# M3 CSL beats the 8 min barrier on the 'Ring



## Alex Baumann (Dec 19, 2001)

*M3 CSL breaks the 8 min barrier on the 'Ring*

The latest issue of Sport Auto, Germany took the M3 CSL for a Supertest on the Nurbugring.

Ring lap time was 7:50 min :yikes:


----------



## JPinTO (Dec 20, 2001)

Big deal... a Touareg V10 can do it in that time!


----------



## bmw540i (Mar 30, 2003)

JPinTO said:


> Big deal... a Touareg V10 can do it in that time!


Big difference between a I6 and V10.


----------



## Alex Baumann (Dec 19, 2001)

How about comparing a V10 with another V10 ?  

Wait until the official Ring figures for the E60 M5 are published  

Over 500 hp will send that Touareg where it actually belongs to :thumbup:


----------



## JPinTO (Dec 20, 2001)

You guys are gullible! :rofl: 

No Touareg's going to do that in 8 seconds--- V10 or V12. It weights over 5500 lbs.


----------



## Alex Baumann (Dec 19, 2001)

JPinTO said:


> You guys are gullible! :rofl:
> 
> No Touareg's going to do that in 8 seconds--- V10 or V12. It weights over 5500 lbs.


Hmm, X5 Lemans did it in 7:49  :rofl:


----------



## JPinTO (Dec 20, 2001)

Alex Baumann said:


> Hmm, X5 Lemans did it in 7:49  :rofl:


Yah... that's an X5 not a Touareg.
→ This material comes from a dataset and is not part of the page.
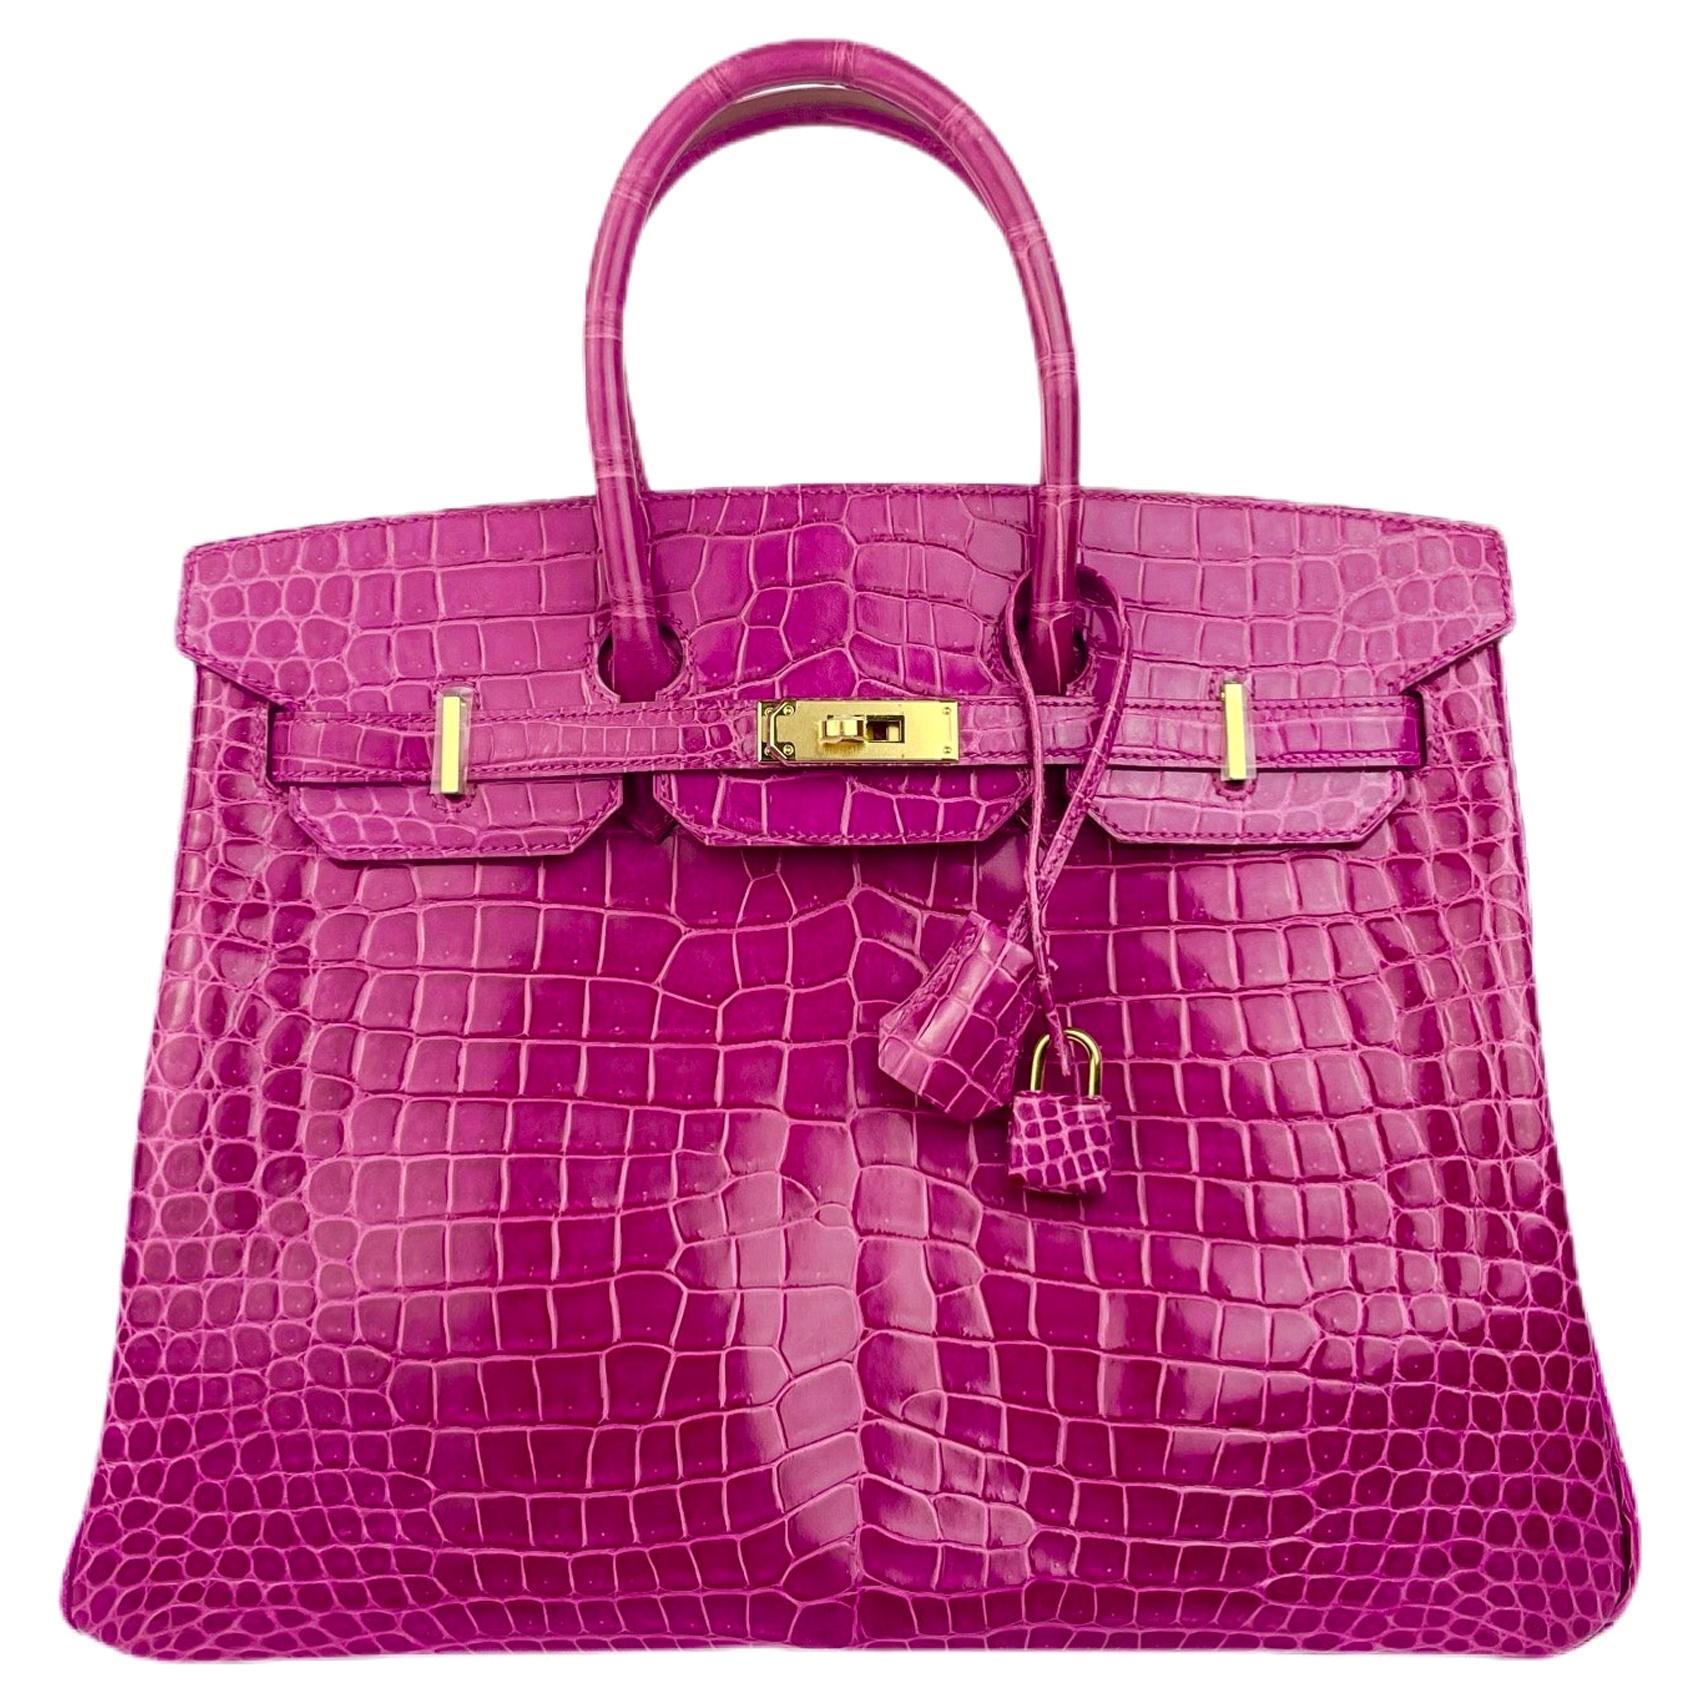 Hermes Birkin 35 Rose Scheherazade Pink Crocodile Gold Hardware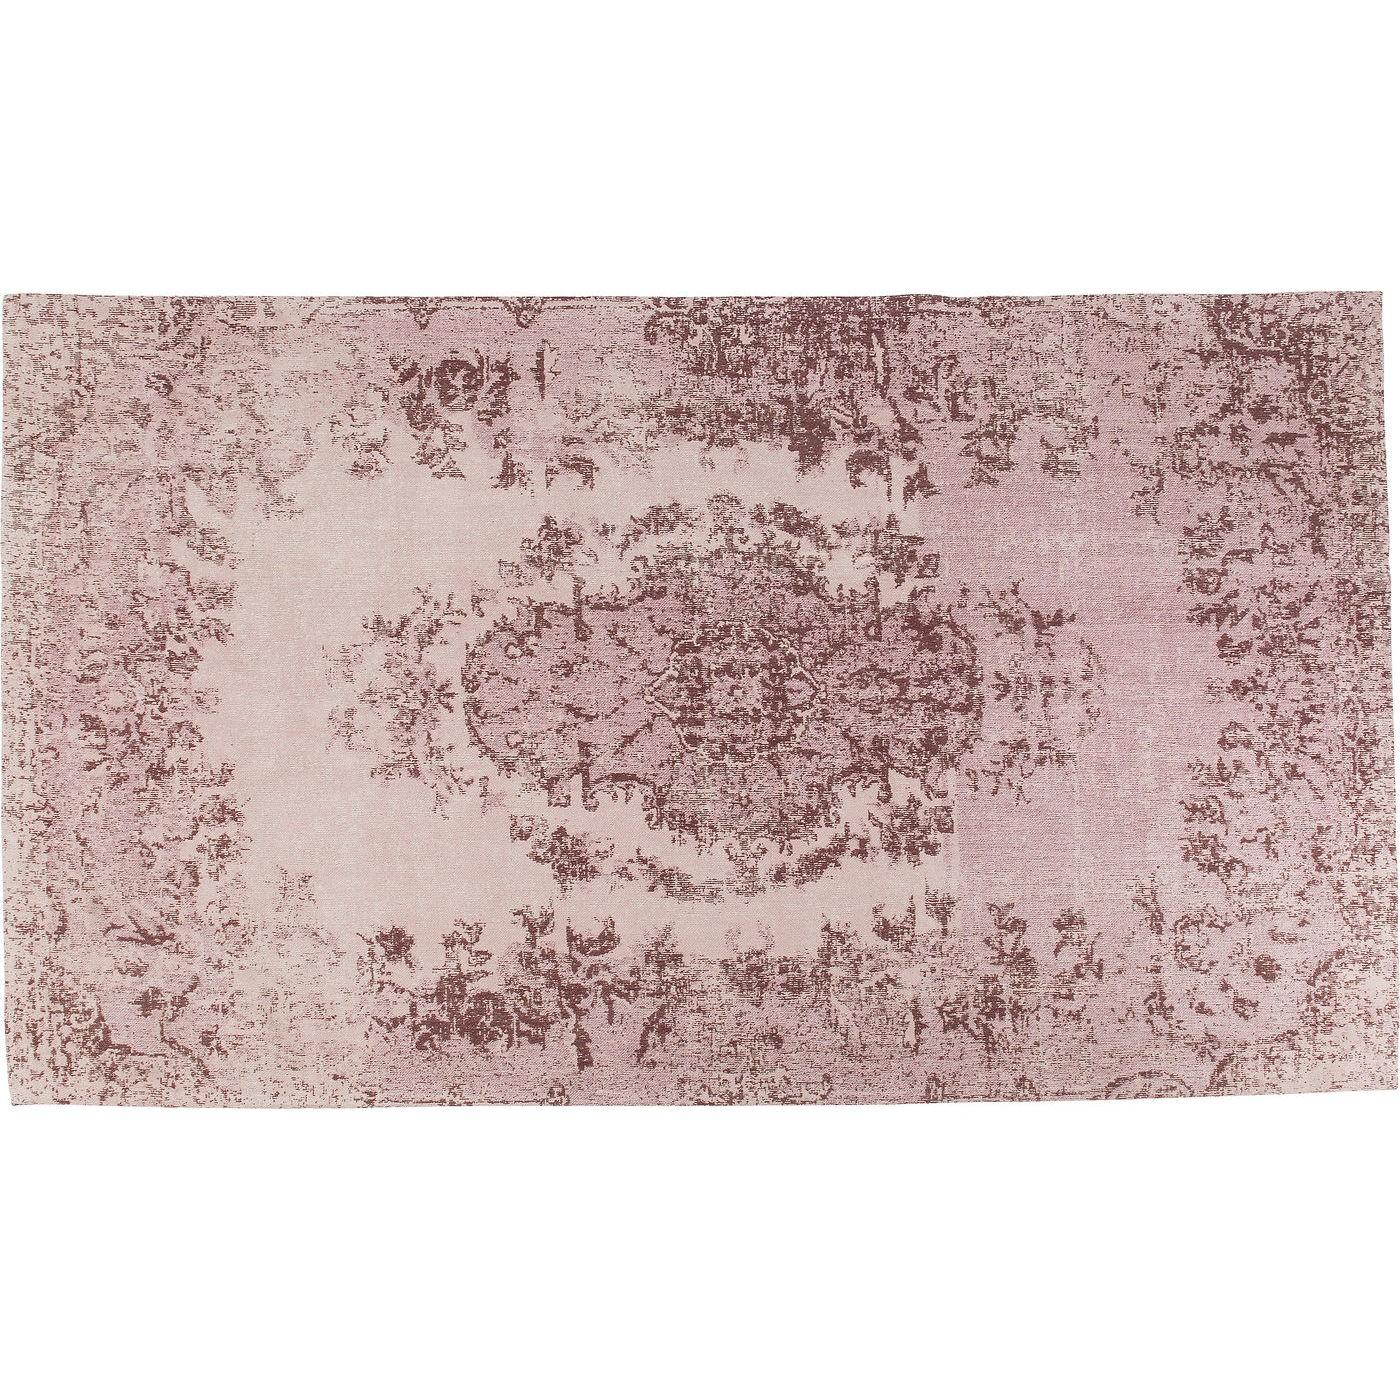 Tapis en coton rose 80x150

With a V12 and half a ton less weight.


----------



## SteveT (Dec 22, 2001)

JPinTO said:


> Yah... that's an X5 not a Touareg. With a V12 and half a ton less weight.


That X5 was an amazing car and Hans Stuck was driving.


----------



## SteveT (Dec 22, 2001)

Alex Baumann said:


> The latest issue of Sport Auto, Germany took the M3 CSL for a Supertest on the Nurbugring.
> 
> Ring lap time was 7:50 min :yikes:


That's very fast for sure. Take a look at the link listing times at the Ring over the years. A 7:50 is special.

Nurburgring Laptimes


----------



## nate (Dec 24, 2001)

Whoa! That's quick!

Care to post and translate the article for us


----------



## WILLIA///M (Apr 15, 2002)

Exact same time as posted by the Lamborghini Murciélago, that's pretty cool. :thumbup:


----------



## SARAFIL (Feb 19, 2003)

Topaz330xi said:


> Exact same time as posted by the Lamborghini Murciélago, that's pretty cool. :thumbup:


This post inspired me to find a CSL desktop pic...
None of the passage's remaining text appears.